Jak się okazuje - w dniu śmierci Aleksieja Nawalnego (16 lutego) rosyjski prezydent Władimir Putin odbywał wizytę w Czelabińsku. Podczas swojego przemówienia, nawet słowem nie wspomniał o śmierci rosyjskiego opozycjonisty.
Przypominamy, w piątek w kolonii karnej zmarł rosyjski opozycjonista Aleksiej Nawalny.
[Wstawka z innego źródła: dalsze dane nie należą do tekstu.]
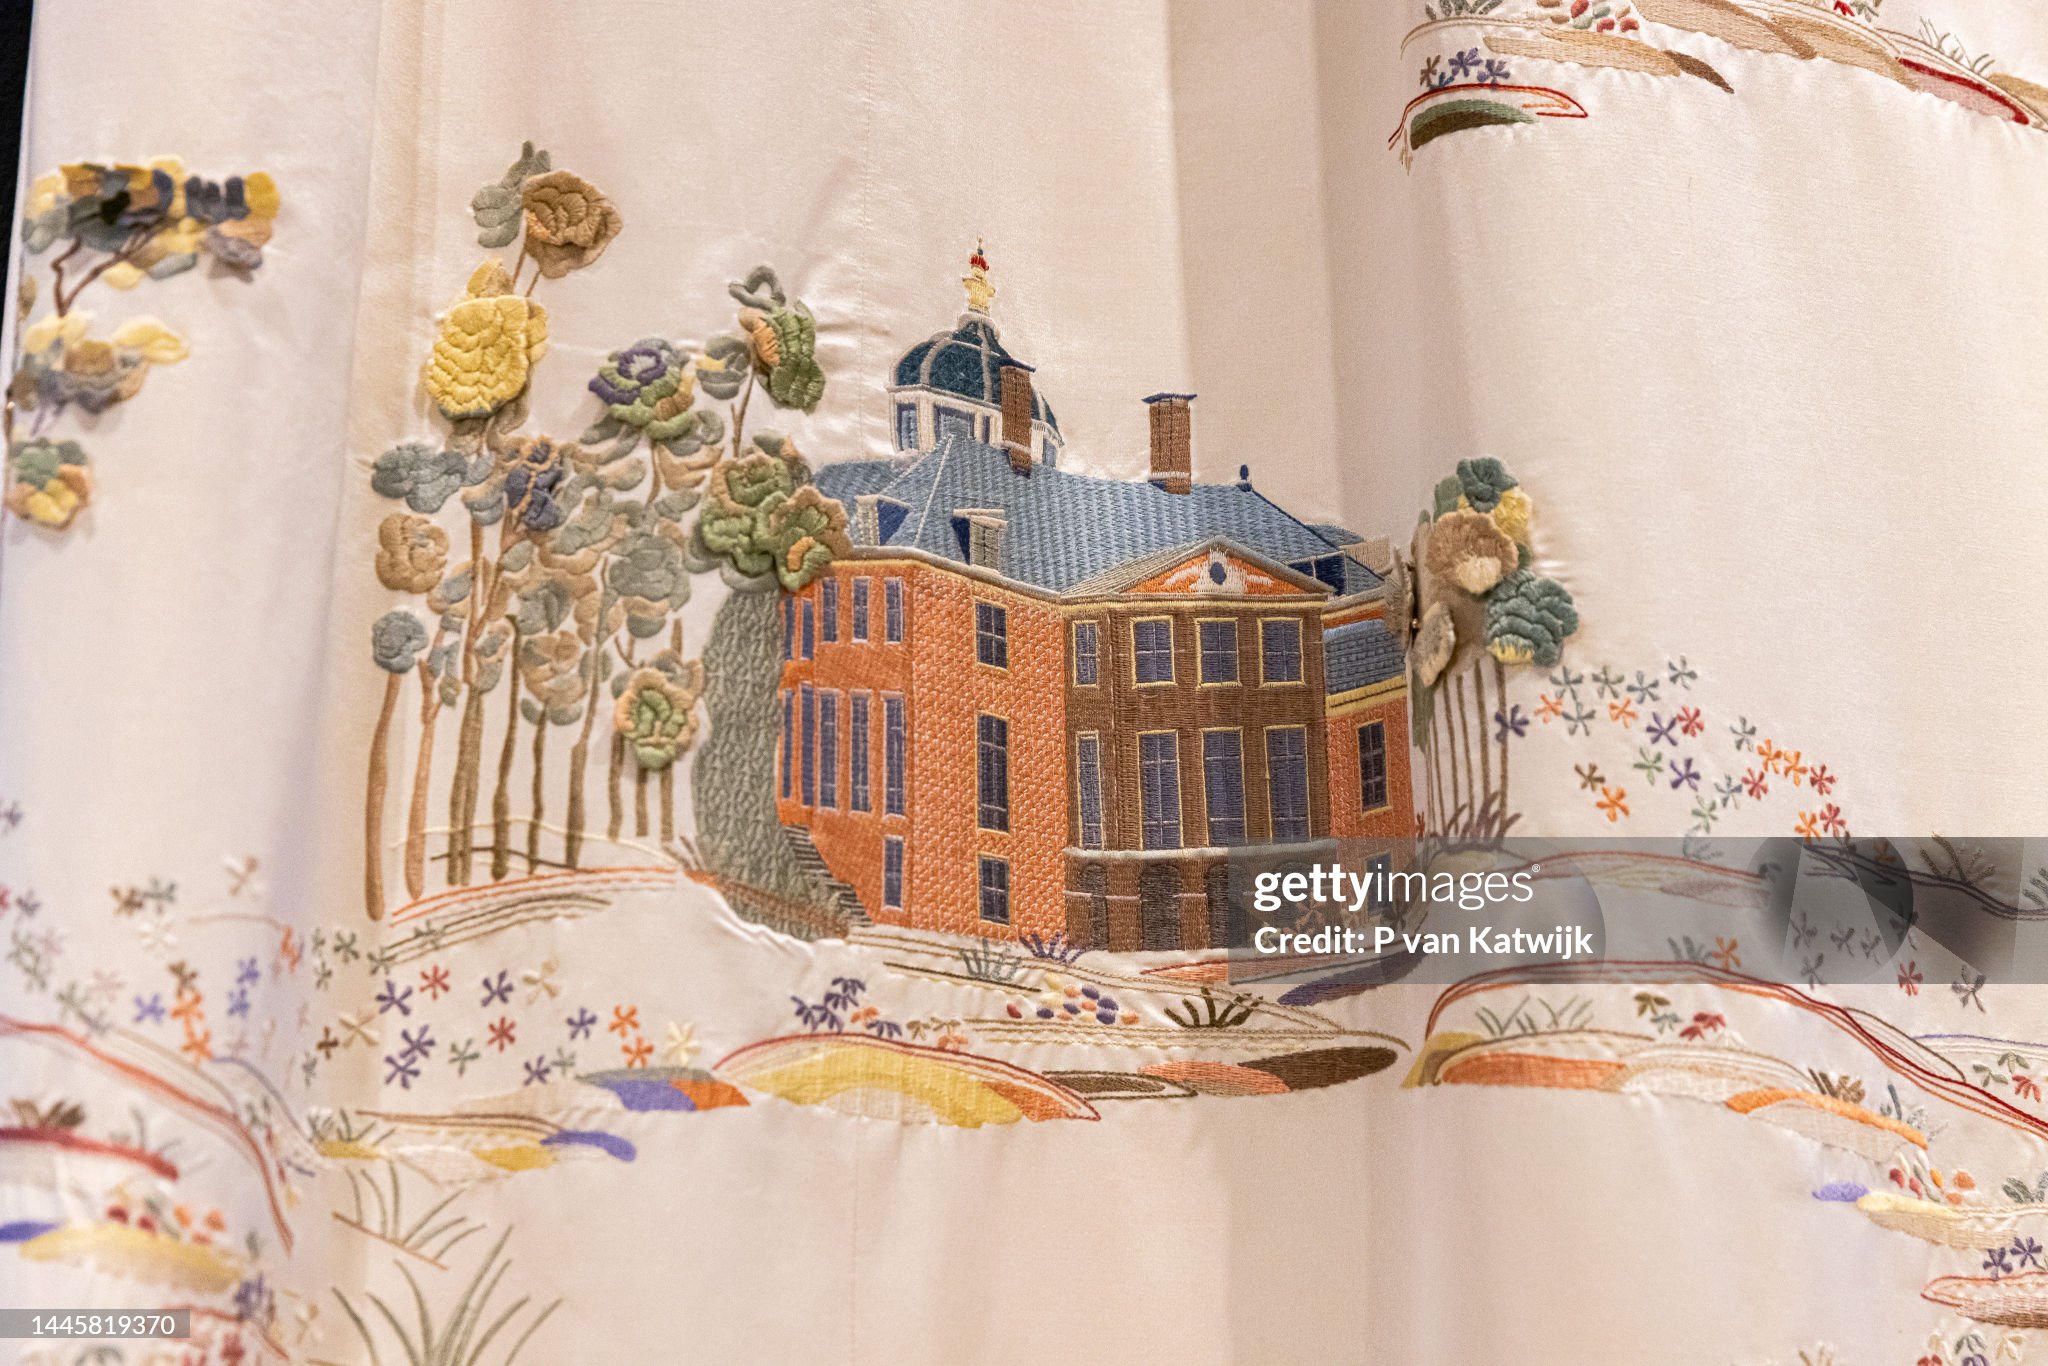 queen-maxima-of-the-netherlands-visits-textile-museum-to-present-her-new-curtains-for-palace.jpg?s=2048x2048&w=gi&k=20&c=gum44YkeXy_26QSrxbc9c7zjXlkVy78KM0G2HhY8MlE=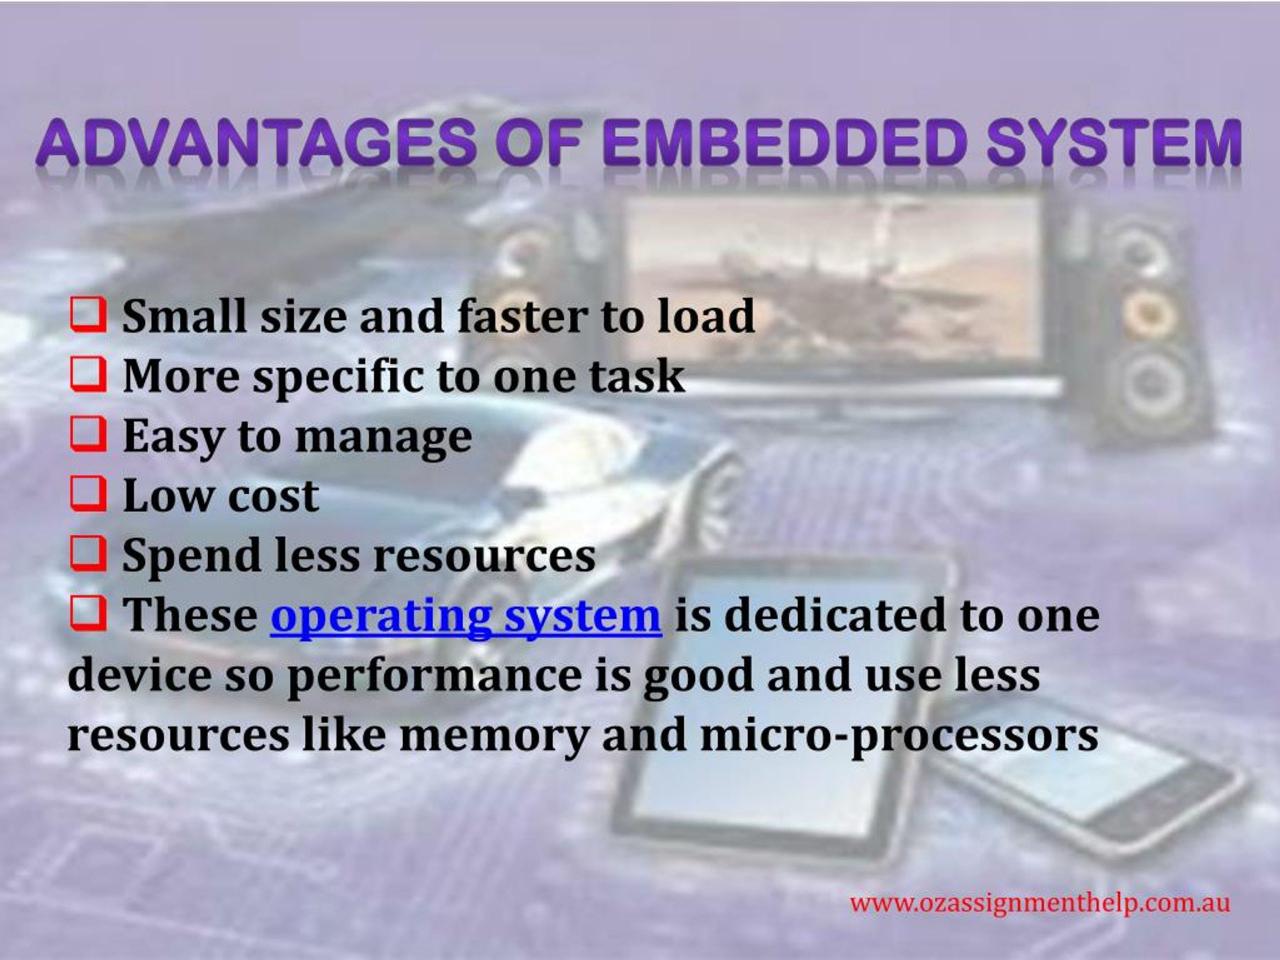 Advantages of an embedded system

Służba więzienna Federacji Rosyjskiej przekazała, że Nawalny "źle się poczuł po spacerze" i "niemal od razu stracił przytomność", zaś wezwani na miejsce medycy nie byli w stanie mu pomóc, wskutek czego zmarł.
Dmitrij Pieskow - rzecznik prasowy Kremla potwierdził informację, że Władimir Putin został powiadomiony o śmierci opozycjonisty. Jednocześnie, Pieskow zapowiedział, że Kreml nie planuje żadnych dodatkowych komentarzy w tej sprawie.
Ani słowa w sprawie...
Zastanawiającym jest, że podczas swojego pierwszego publicznego przemówienia po śmierci Nawalnego, Władimir Putin nawet słowem nie wspomniał o rosyjskim opozycjoniście. A przecież to właśnie Nawalny był przez lata nazywany "wrogiem numer jeden" prezydenta Rosji.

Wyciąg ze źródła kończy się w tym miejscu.